▶ _TASK PROMPT_
Print the data below again in full, exactly as it stands, with no images.

▶ _EXERCISE DATA_
□ □ □

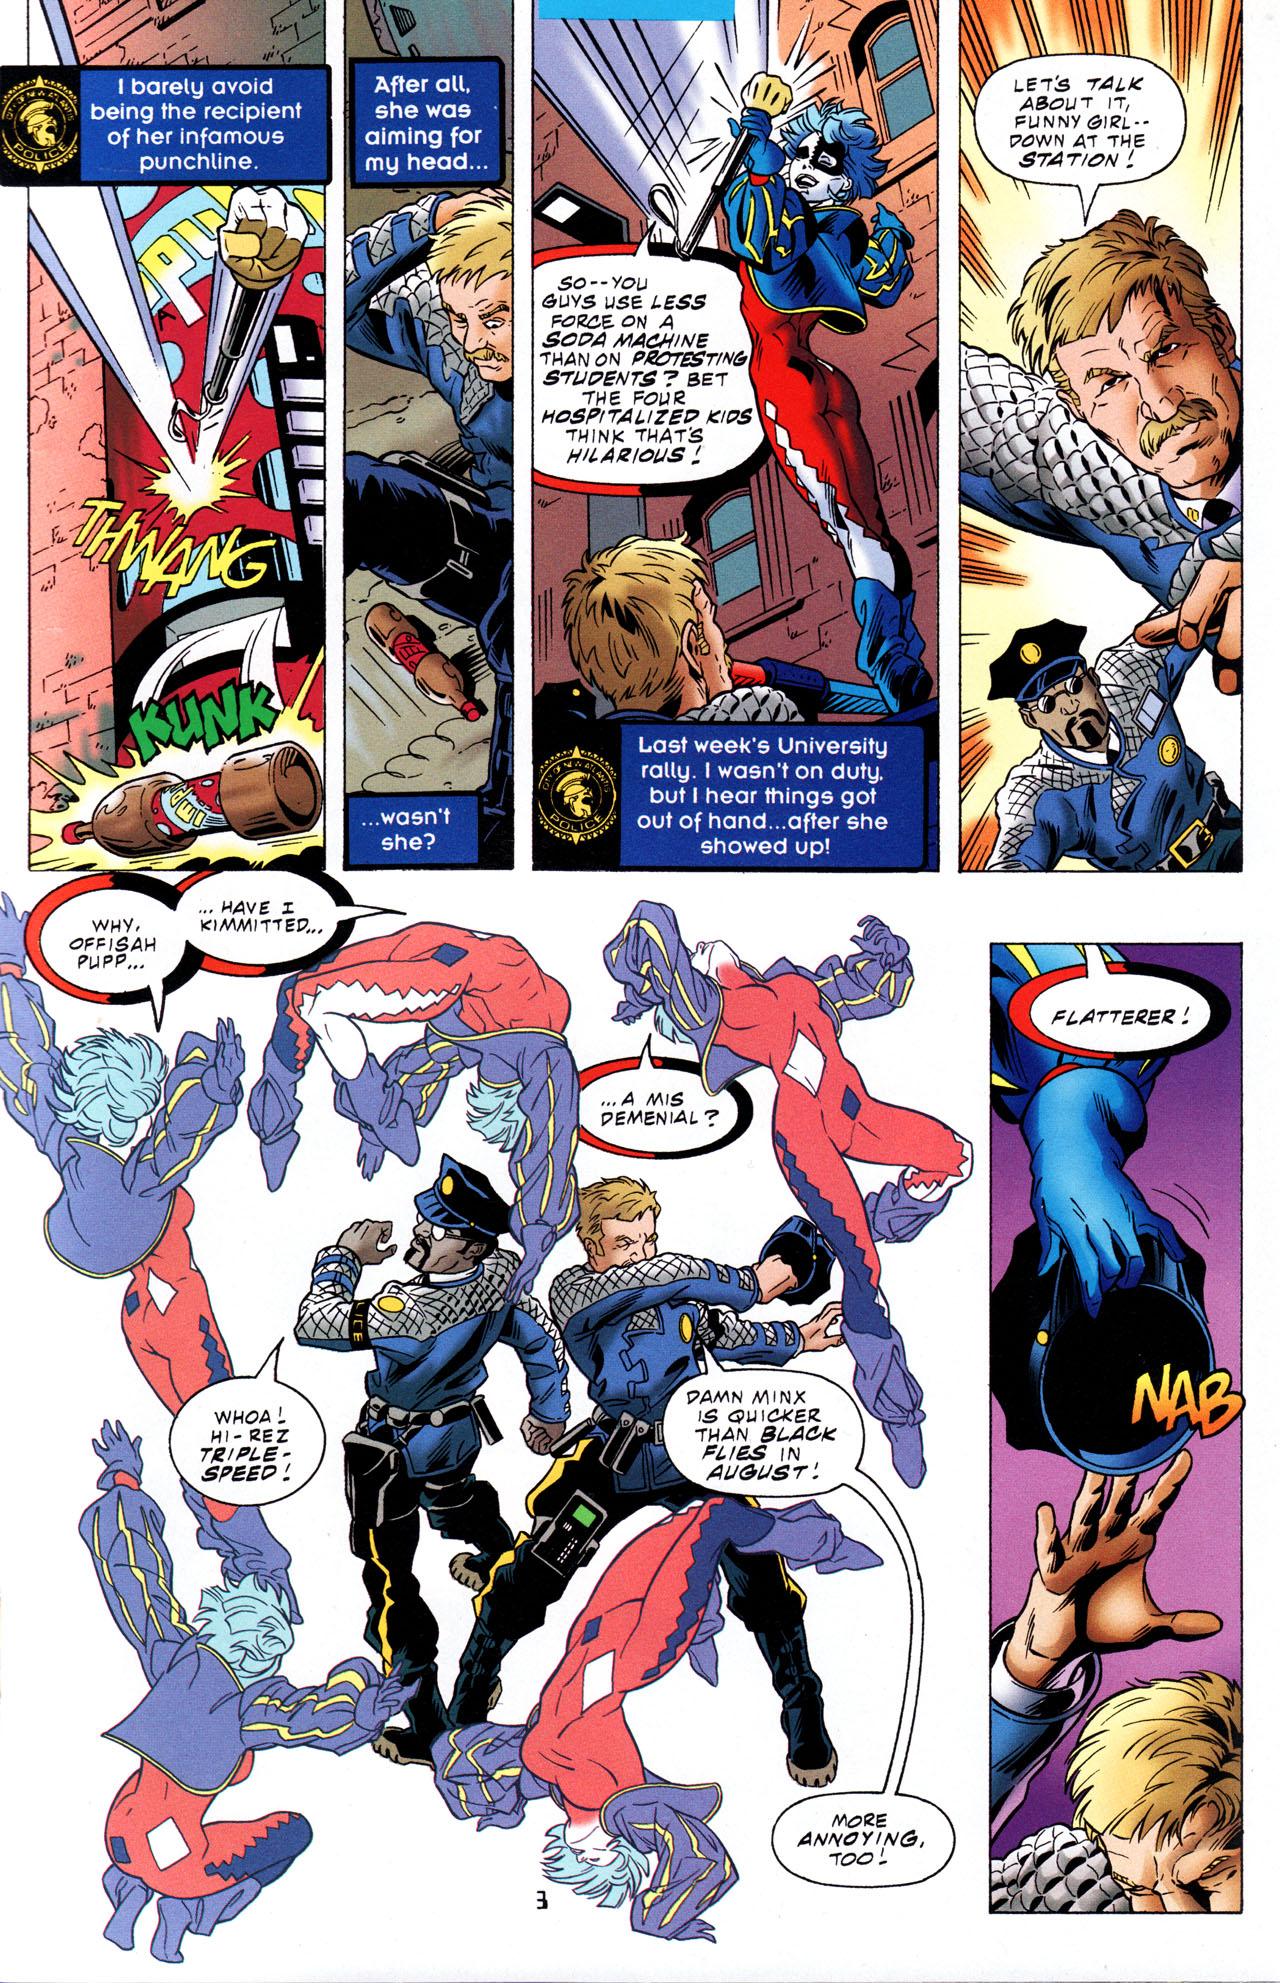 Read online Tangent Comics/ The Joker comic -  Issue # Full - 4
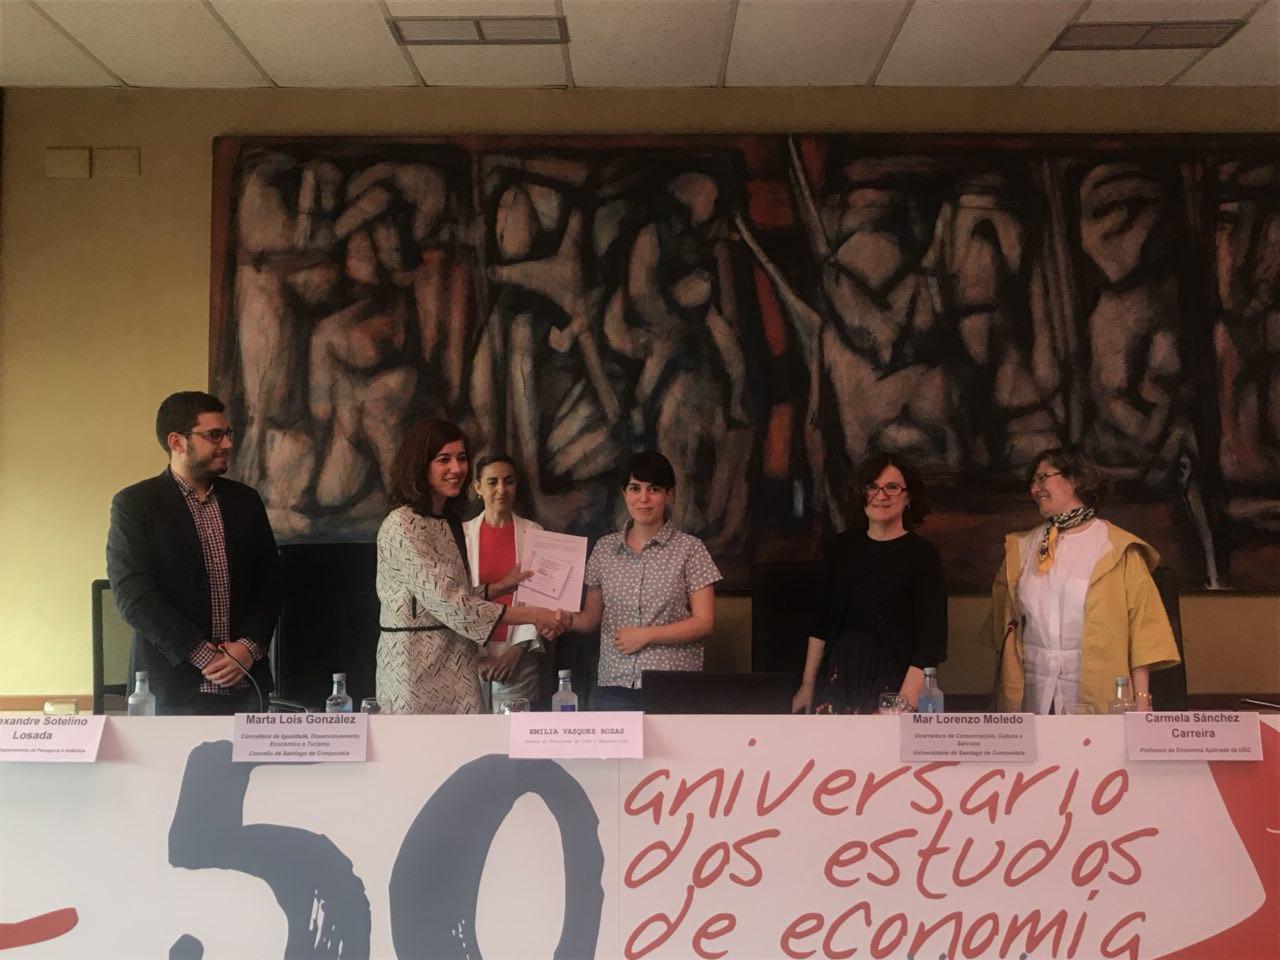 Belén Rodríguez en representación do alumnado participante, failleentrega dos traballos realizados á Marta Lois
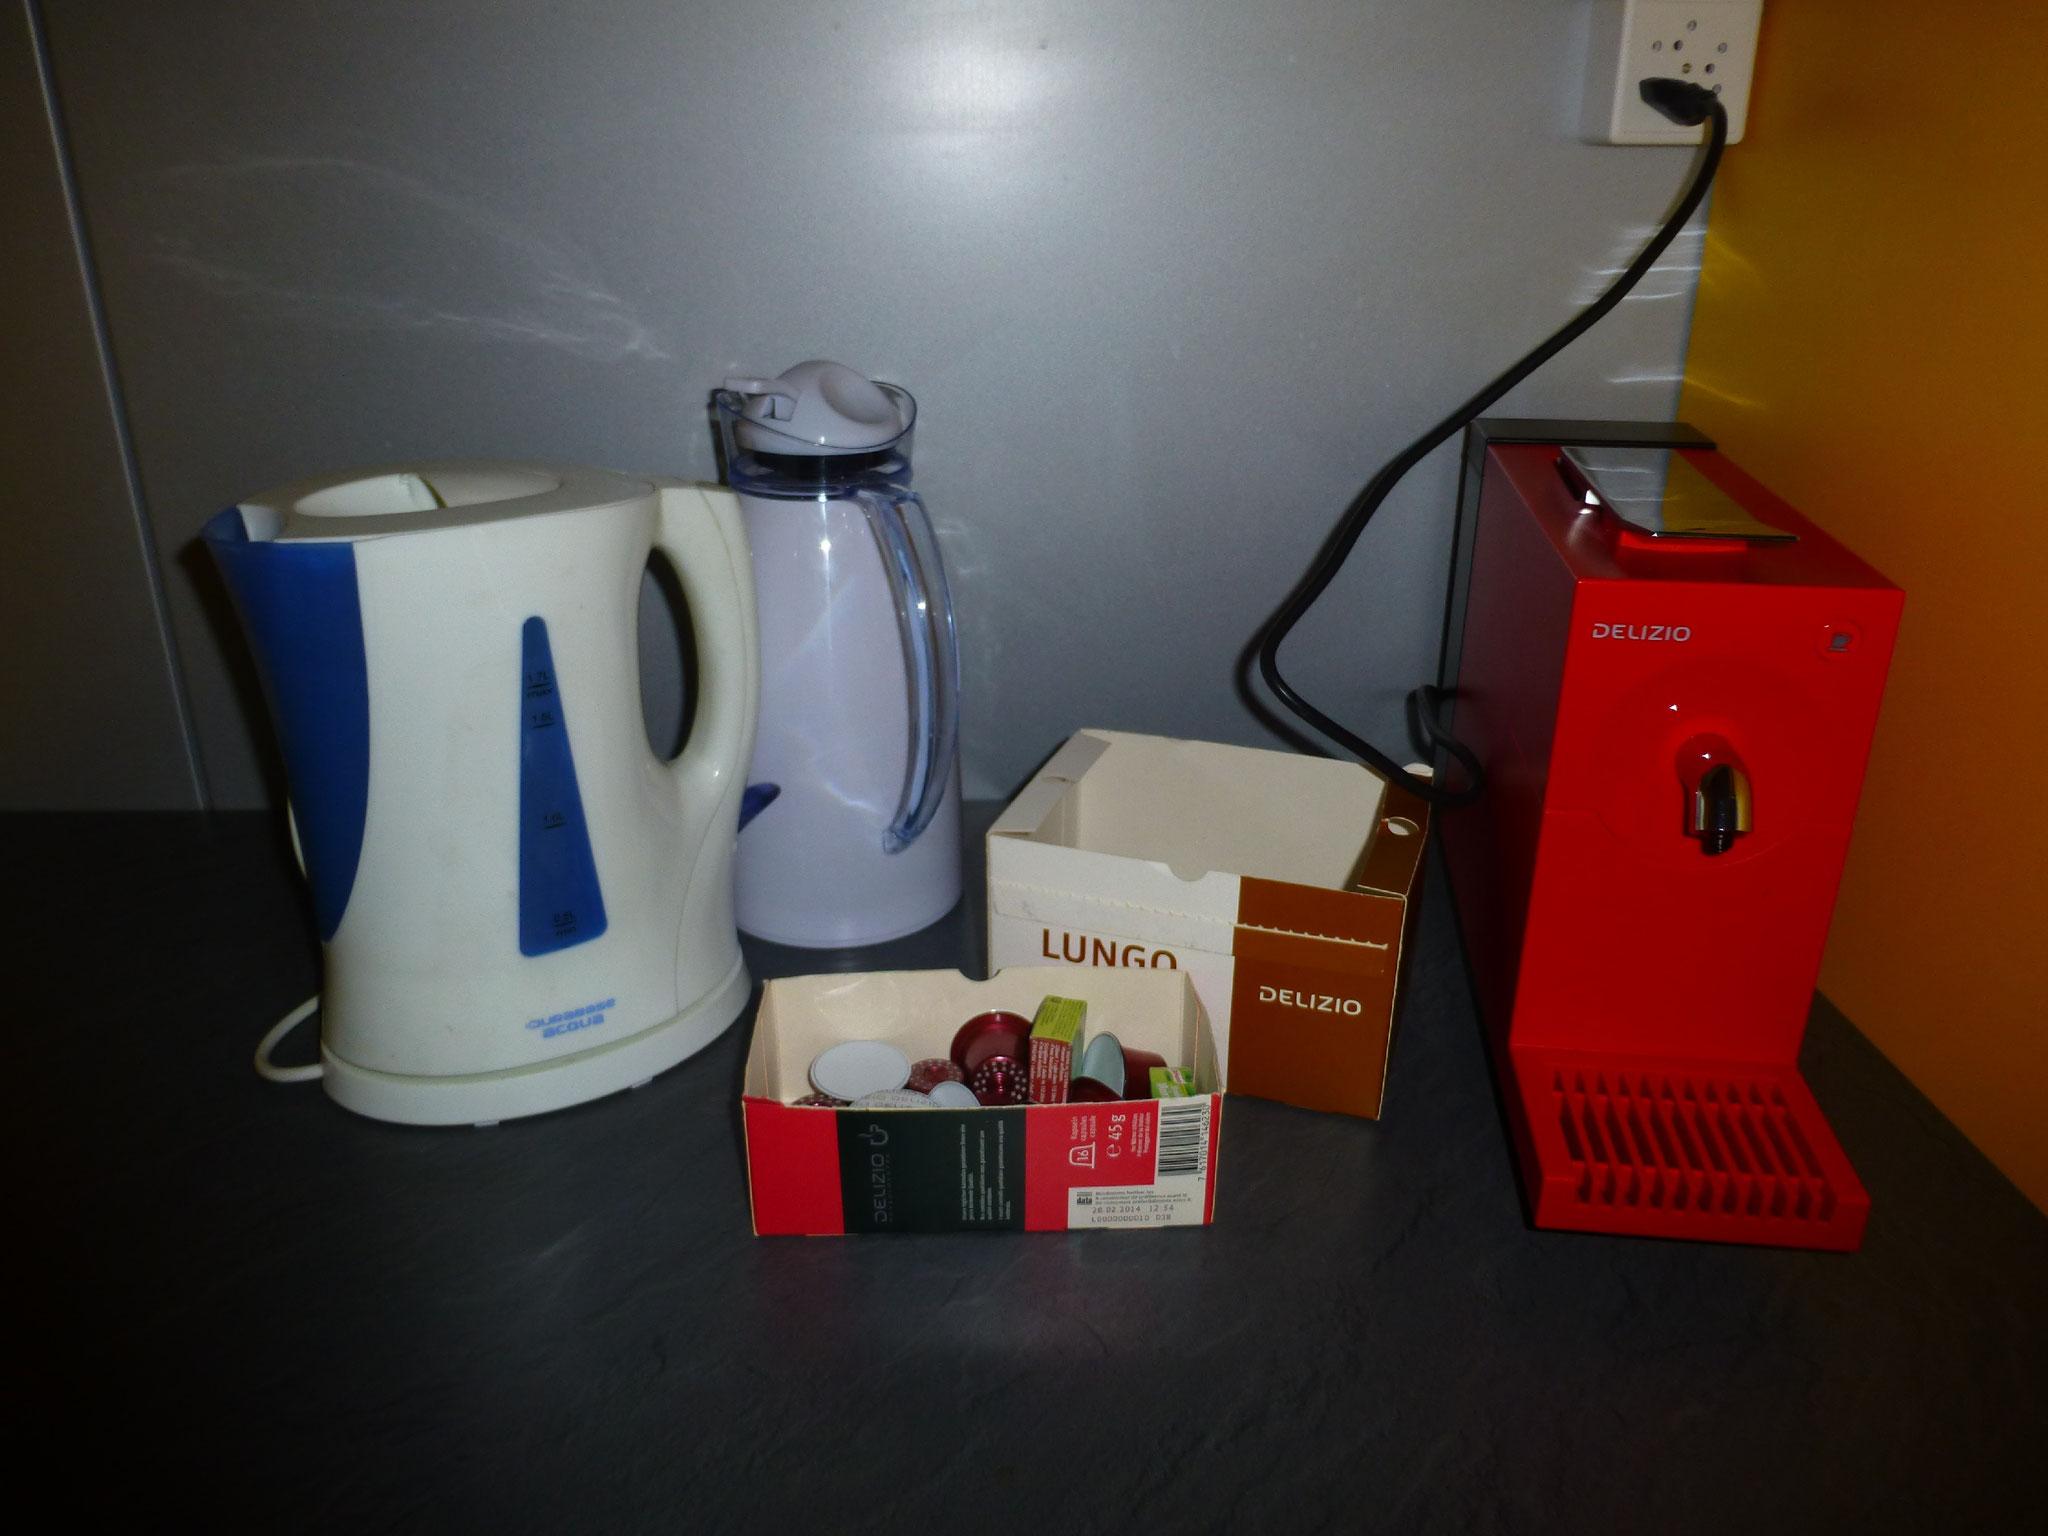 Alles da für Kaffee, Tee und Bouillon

□ □ □

▶ _EXERCISE OUTPUT_
 Read online Tangent Comics/ The Joker comic -  Issue # Full - 4
 Belén Rodríguez en representación do alumnado participante, failleentrega dos traballos realizados á Marta Lois
 Alles da für Kaffee, Tee und Bouillon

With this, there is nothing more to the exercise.